IwishIwasmoreorganised Tue 30-Apr-13 21:25:19

Ah, it's a lovely age wink

DS2 wouldn't entertain potty training until 2 days after his 3rd birthday. He had one wee accident in the car and that was it - job done!

He still does things very much on his terms - I don't fret any more if he chooses ridiculous clothes, odd breakfast combinations, winter hat on a hot day.......

......pick your arguments carefully - most things aren't worth wasting energy on IMO!

For the tantrums the best things with ds2 are complete distraction and humour.

Ds1 was never like this, but ds2 keeps us on our toes!

CaptainSweatPants Tue 30-Apr-13 21:29:06

Have you tried bribery? Sticker charts etc
Chocolate buttons for using the potty ;-)

MrsCF Tue 30-Apr-13 21:38:17

My three year old responds well to using counting to help him calm down. I started by counting up to ten to him and then asking him to explain in a calm voice what he wanted/ what is upsetting him. Now I tell him to count and he will count to ten and then do calm voice. It seems to take his mind off the thing that is upsetting him for enough time to breath and think about being calm.
I wouldn't push potty training if he doesn't want to do it you won't get anywhere. Mine was a month over three in January when we started, we have had ups and downs, but he wanted to do it, before that he was not cooperating at all.
I am sure the clingyness will get easier, kids are fickle one week mum is the best the next it will be dad!

monairethu Tue 30-Apr-13 21:43:35

hi - thanks for your responses. the potty training thing is a bit of a red herring. the potty training itself isn't really a worry. he got the potty thing quickly and is now just going through the disinterested phase with it albeit a little aggressively! i know he will get there with it.

the issue is his behaviour generally. i don't care what he wears or funny breakfast requests etc and i'm not fussy about staying clean or keeping the house super tidy, but even if i do choose my battles there's still the biting, throwing things, breaking things and general stroppiness to deal with! if you let a three year old away with back chat will they do it forever? it doesn't seem like a good habit to encourage but then the more attention you give it the worse it gets...aaaargh!

like you iwish our older one wasn't like this at all!

ItLooksLikeRainDear Tue 30-Apr-13 21:50:40

Sounds rather familiar! I have just read '123 magic' and started using it with DS (also aged 3) and it seems to be working so far.

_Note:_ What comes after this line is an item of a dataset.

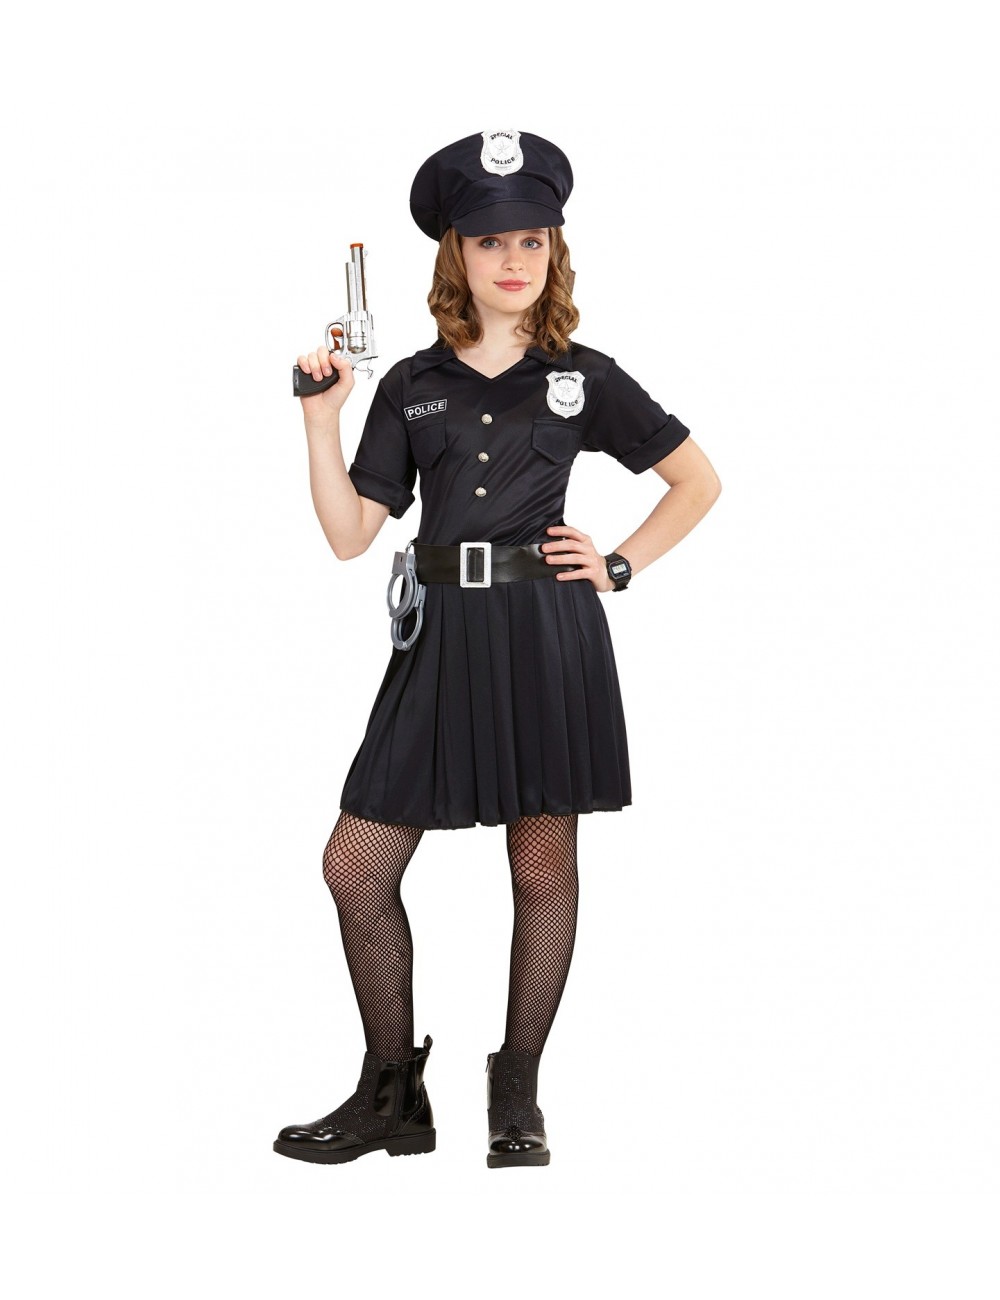 Deguisement Policier Enfant Costume de Police Ensemble pour Enfant

IwishIwasmoreorganised Tue 30-Apr-13 21:54:52

If distraction doesn't stop the unwanted behaviour them we have opted for ignoring ds2 at times. That has worked well.

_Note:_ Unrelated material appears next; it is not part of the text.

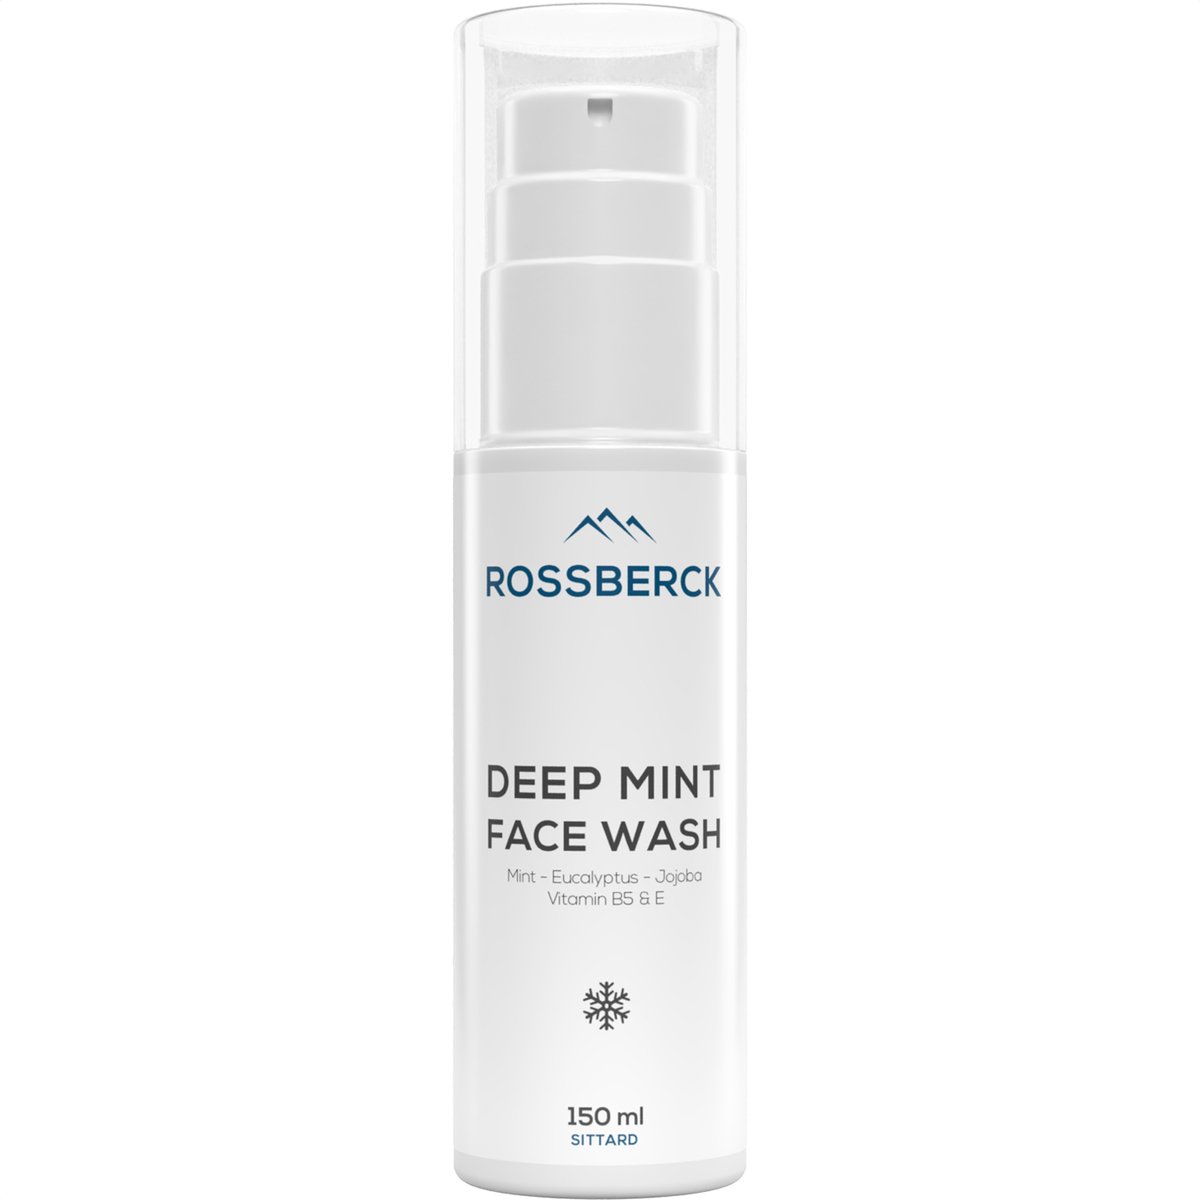 Rossberck Deep Mint Face Wash

Whatever you do, be consistent and thank your lucky stars that Yoir dc are so very different!.

Theironfistofarkus Tue 30-Apr-13 22:16:35

I had one exactly like that. No useful advice really except to wait it out. Things are improving a year or so on.

monairethu Tue 30-Apr-13 22:22:51

thanks all - it's just good to know that we're not alone! was beginning to think there was maybe something up with him!